The optimization procedure called FirMpik is based on genetic algorithms and it starts with a population of random but physically plausible solutions and these are then evolved. The fitness function is constructed as the inverse value of the reduced χ2 sum of the model fit to the radiometric and photometric light curves and dynamical data of the foremost fragment.

Throughout the modeling we used slightly higher grain density of ρgrain = 3000 kg m−3 for Geminids (Ceplecha & McCrosky 1992; Babadzhanov & Kokhirova 2009) and ρgrain = 3500 kg m−3 for asteroidal fireballs, the product ΓA = 0.8 and the ablation coefficient σ = 0.005 kg MJ−1. The luminous efficiency used in the model depends on the mass and the velocity of the meteoroid, we used the same function as Borovička et al. (2020). For our calculations, we used densities from the NRLMSISE-00 atmosphere model (Picone et al. 2002). In modeling of Geminids, we had to also use different dataset weights than we used in asteroidal fireballs modeling described in Henych et al. (2023). The basic optimization algorithm was the same as in the previous paper (Henych et al. 2023), but we added a few new features that could lead to better results.
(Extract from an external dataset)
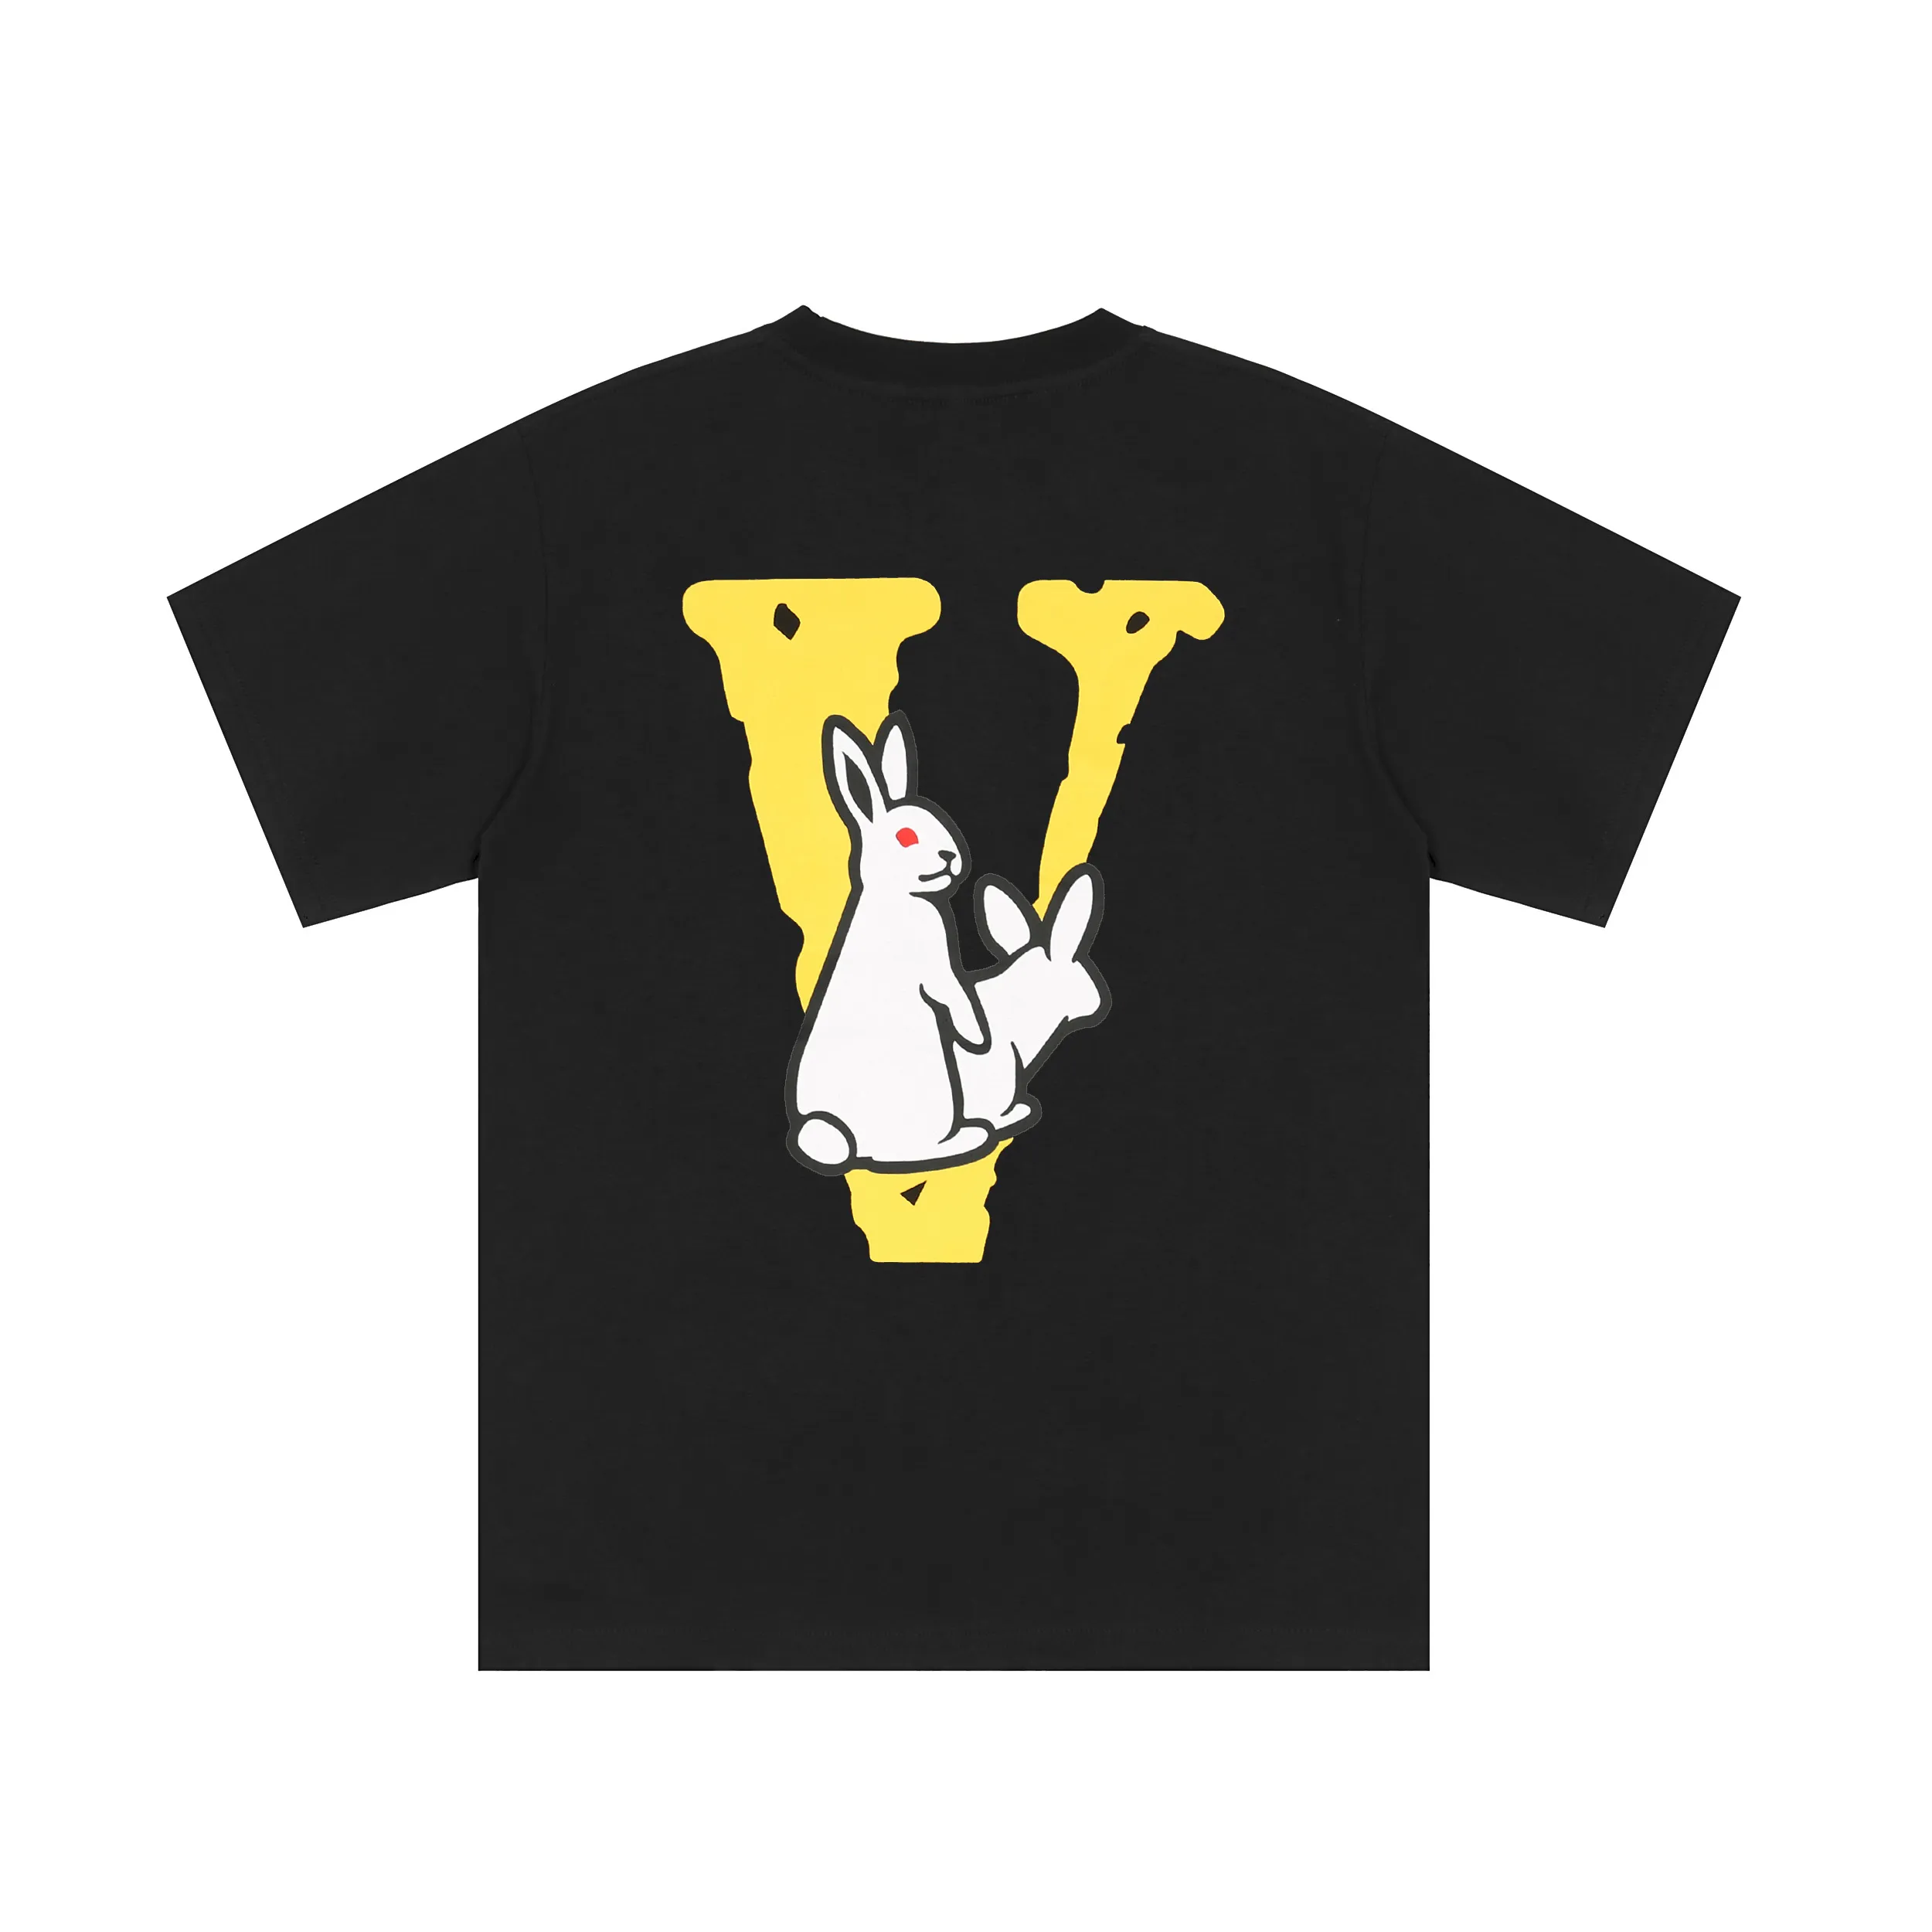 VLONE T-shirt Grande "V" Maglietta da uomo / da donna Coppie Casual Tendenza moda High Street Allentata HIP-HOP Camicia girocollo stampata in cotone 100% TAGLIA USA S-XL 61371

2.2.1 Fragmentation time optimization

The new feature of the FirMpik program is the automatic optimization of the fragmentation time. So far, we have searched for the fragmentation times in the radiometric curve manually. Two types of fragmentation times manifest themselves in the radio-metric curve in different ways. The first appears as a bright and usually brief flare, and is both symmetric and asymmetric. This is likely a manifestation of a sudden dust release from the mete-oroid and this type can be found in the data very precisely and therefore does not need any optimization whatsoever. The shape of this flare is dictated by the mass distribution of released dust particles.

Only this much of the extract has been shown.